FDA’s Moore: The Future of Continuous Is, or Can Be, Now
Christine Moore, PhD, Deputy Director for Science and Policy for CDER’s Office of New Drug Quality Assessment, delivered a presentation whose mission was clear: to convey that the regulatory framework is in place to adopt continuous manufacturing methods, and that FDA is in full support of manufacturers who wish to do so.
- The Agency sees definite economic and quality advantages to continuous manufacturing.
- The science exists (and technologies to support continuous processes are on the market).
- There are “no regulatory hurdles” for industry to implement continuous practices, she said, though providing a caveat: “There is a lack of experience [within and without FDA]; therefore we really need to work together as we move forward with these approaches. . . . We recommend frequent and early conversations with our organization.”
Moore began her talk by qualifying the meaning of “batch,” pointing out that regulatory definitions of a batch include what we think of traditionally, but also those batches that are produced through continuous methods. 21 CFR 210.3 defines batch as “a specific quantity of a drug or other material that is intended to have uniform character and quality.” Said Moore, “Nowhere in this definition to you see any mention of mode of manufacturing. The key phrase is ‘specific quantity’.”
For continuous manufacturing, of course, it is still necessary to define a “batch” to meet various aspects of cGMP. But, Moore said, defining a batch is up to the manufacturer. It can be based on: a production time period; a variation in production (e.g., the use of a different feedstock); or another definition such as equipment or maintenance cycles.
Further, Moore reiterated that continuous manufacturing is consistent with FDA’s Quality by Design efforts: It is a more “modern manufacturing approach”; it has the potential to improve quality assurance and product consistency; and it enables quality to be directly built into process design.
The area of continuous manufacturing that is most different under the QbD paradigm is the control strategy (as defined by ICH Q10), Moore acknowledged. Control strategy can include such factors as parameters and attributes, facility and equipment operation standards, in-process controls, and so on.
Moore emphasized that manufacturers must understand the “dynamic system of response”, which includes residence time distribution (RTD), steady state operation, and process startup and shut-down. “I’m really talking about the mixing behavior of the system,” Moore said, “which can greatly affect product performance.” The typical method to analyze system dynamics is to look at an RTD, she said, which can be evaluated by tracer studies (e.g., a pulse through the system of a step input via dyes, changes in concentration, etc.). Further, she said, an RTD can provide insight on the effects of disturbances. Poor mixing patterns such as deadzones can cause “carryover issues” for product, so it is critical to minimize this risk.
Monitoring and Control
Next, Moore turned to specific in-process methods for monitoring and control of continuous process, citing several tested technologies:
- Spectroscopic (NIR, FTIR, Raman)
- laser light scattering (e.g., for particle size)

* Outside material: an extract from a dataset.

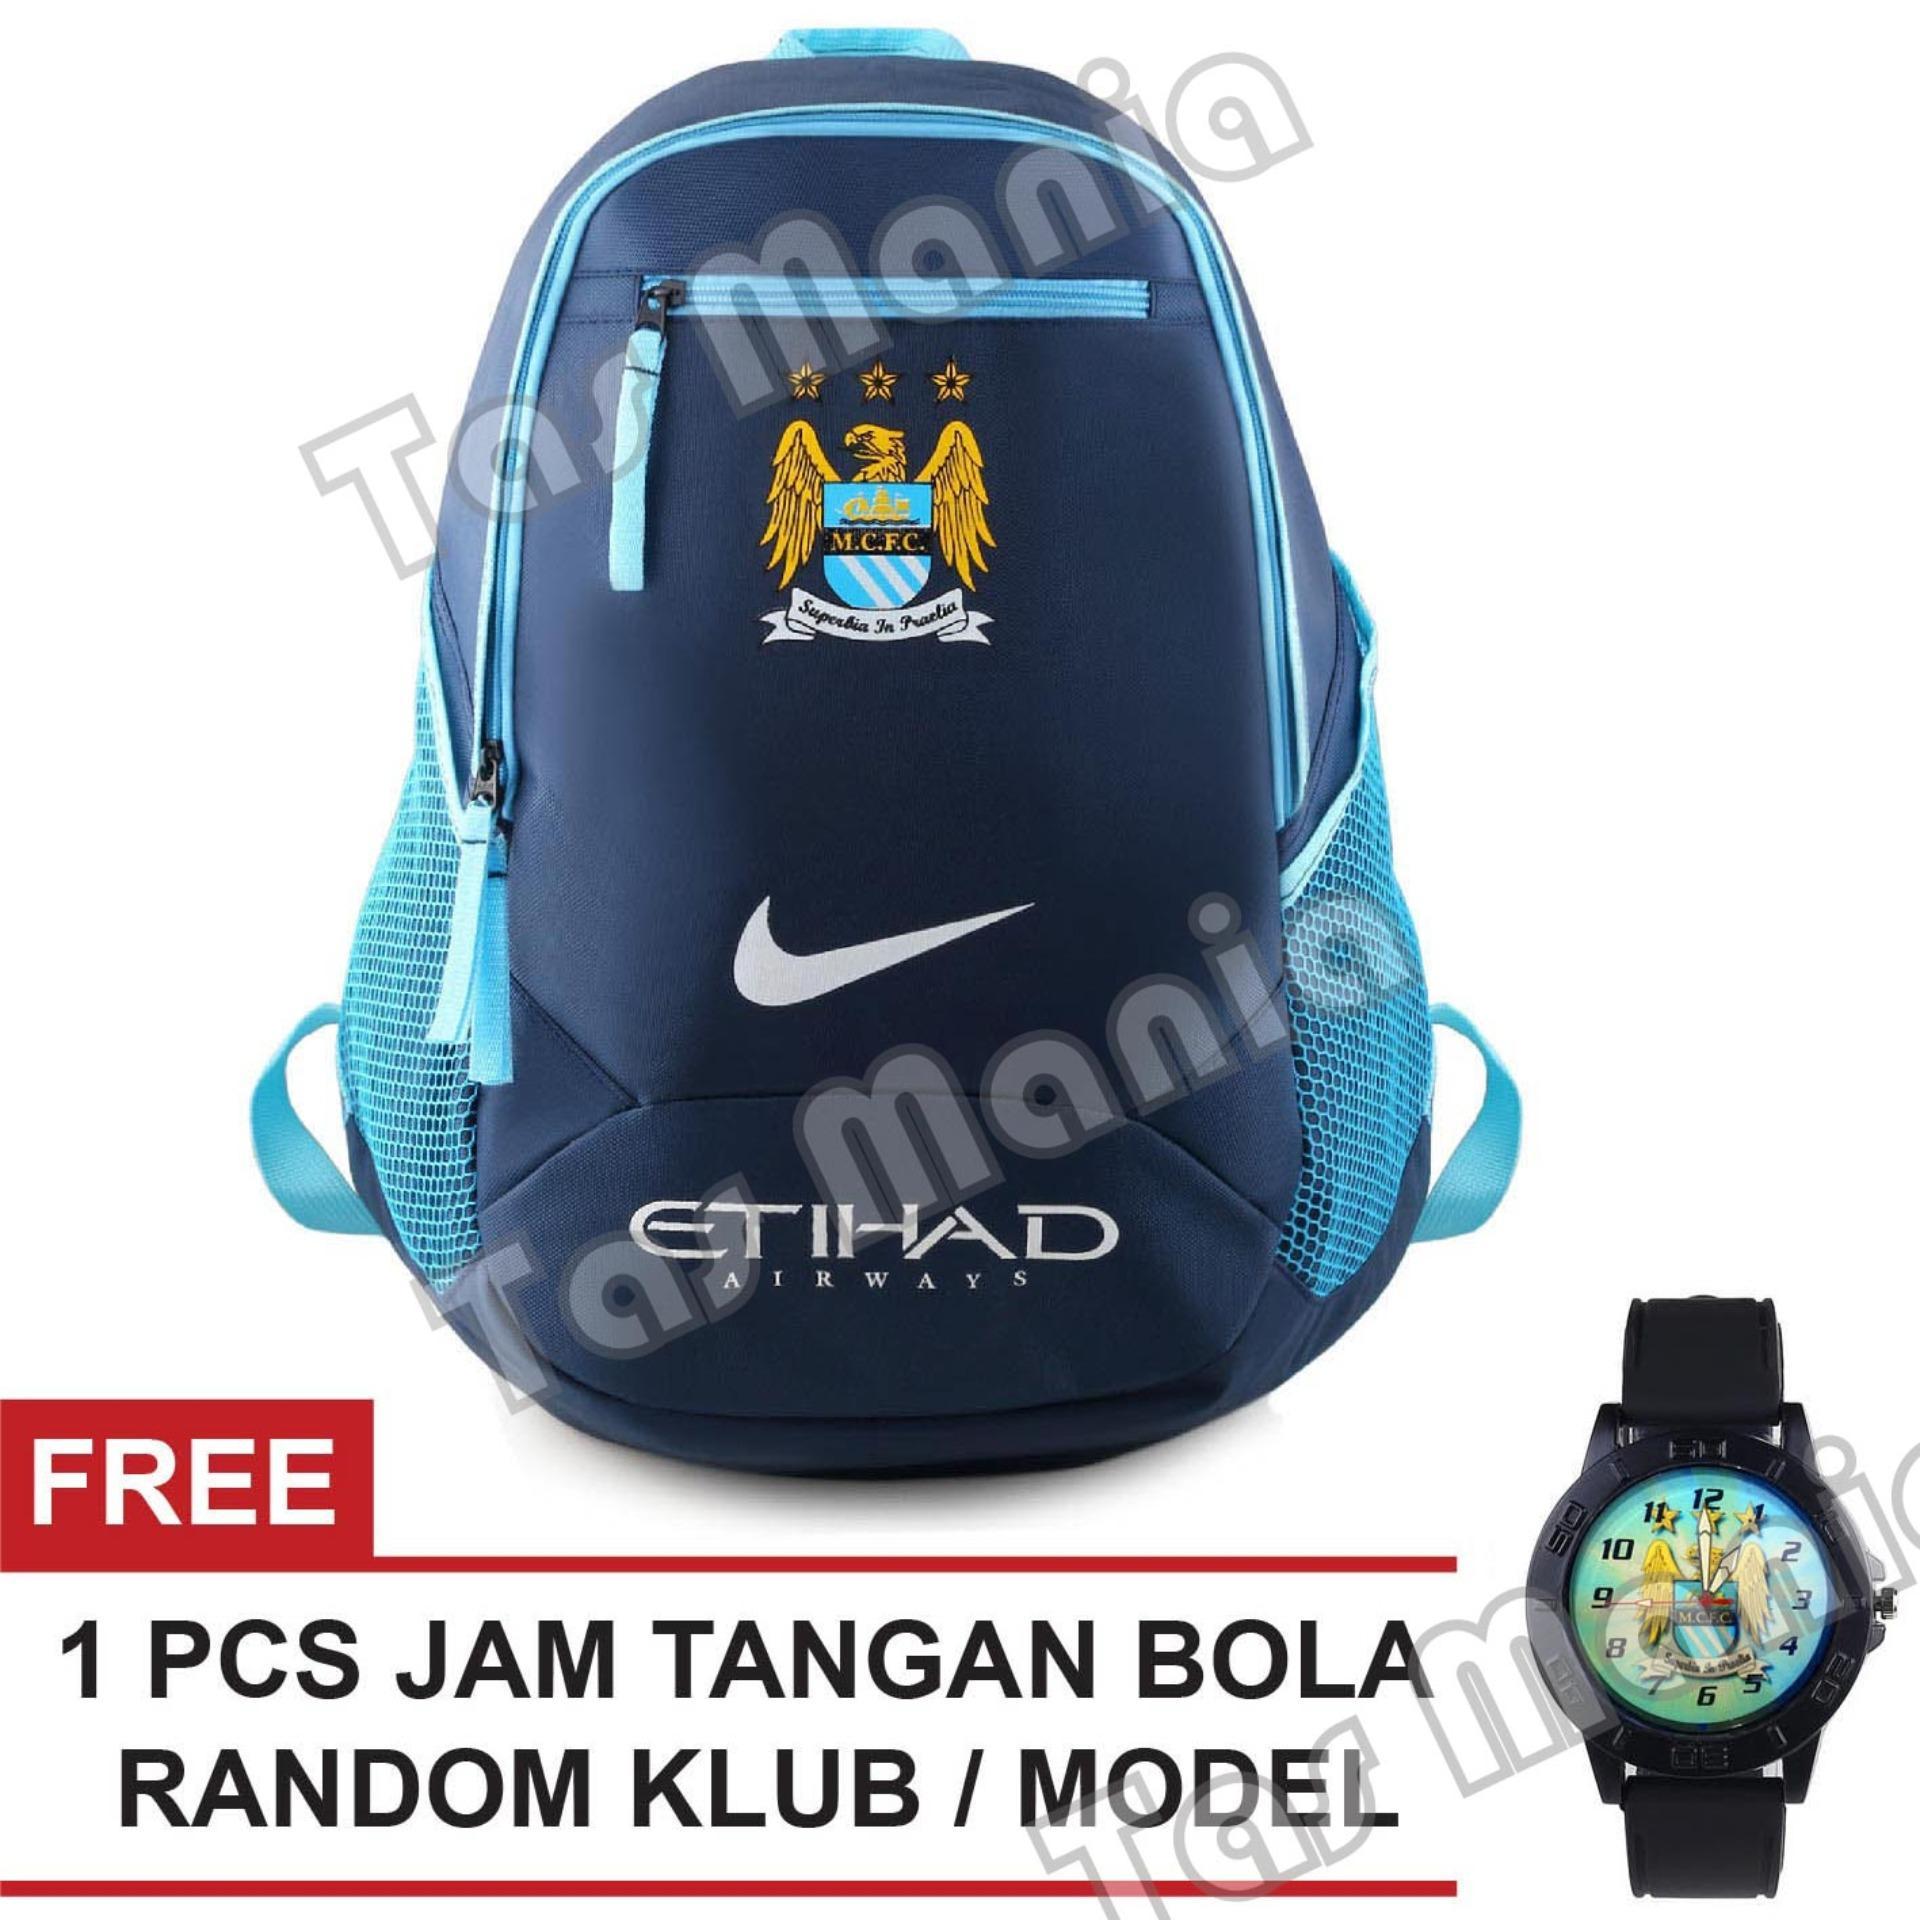 Tas Ransel Nike Bola Pria The Citizens - Etihad Laptop Backpack Mens Soccer Editions - Blue + Raincover + FREE Jam Tangan Pria Random Color / Model

- NIR (e.g., for moisture)
- NMR (e.g., for weight)
- GC (e.g., for solvent detection)
Chemometric modeling based on these technologies is an essential part of control and tuning of continuous processes. Moore’s key considerations include:
- Establishing a good calibration data set, “including potential sources of variance”. Manufacturers must be able to “show a uniform distribution of spectra over the process’ analysis range”
- Including the “appropriate” data pre-treatment and spectral ranges in model development, and justification of the number of model factors used. It’s important to avoid “overfitting” these factors, she said.
- Performing thorough model validation
- Developing a “robust and representative” reference method. “You don’t want to go through all this effort and find out that there was something you missed in your method,” said Moore.
Surrogate models are becoming a more common means of establishing control, Moore noted, especially related to dissolution. A typical approach, she said, is for the manufacturer to build two models—one qualitative according to principal component analysis, which provides an operating range, and the other quantitative, which predicts via partial least squares where to generate a calibration curve. The considerations for building dissolution multivariate models are very similar to those for building chemometric models (listed above).
In regards to integrating these practices with QbD approaches, Moore recommends that manufacturers share their dissolution method early—in Phase 2, for example—to ensure that all parties are on the same page.
Lastly, Moore addressed Real Time Release Testing, a critical component of continuous manufacturing efforts. RTRT provides increased manufacturing flexibility and efficiency, she noted, and the potential to improve quality and cut costs. She offered up a few reminders on the approach:
- First, specifications are still required for RTRT.
- They should be “representative of actual measurements” (whether in-process or surrogate).
- Alternatives can be included for stability monitoring.
Is the future now? Moore asked, finishing her talk. Is the continuous manufacturing of drug products upon us? She didn’t answer, but made it clear that, if so, FDA is on board. Of continuous manufacturing she said, “All in all, it’s a more modern approach to manufacturing and control.”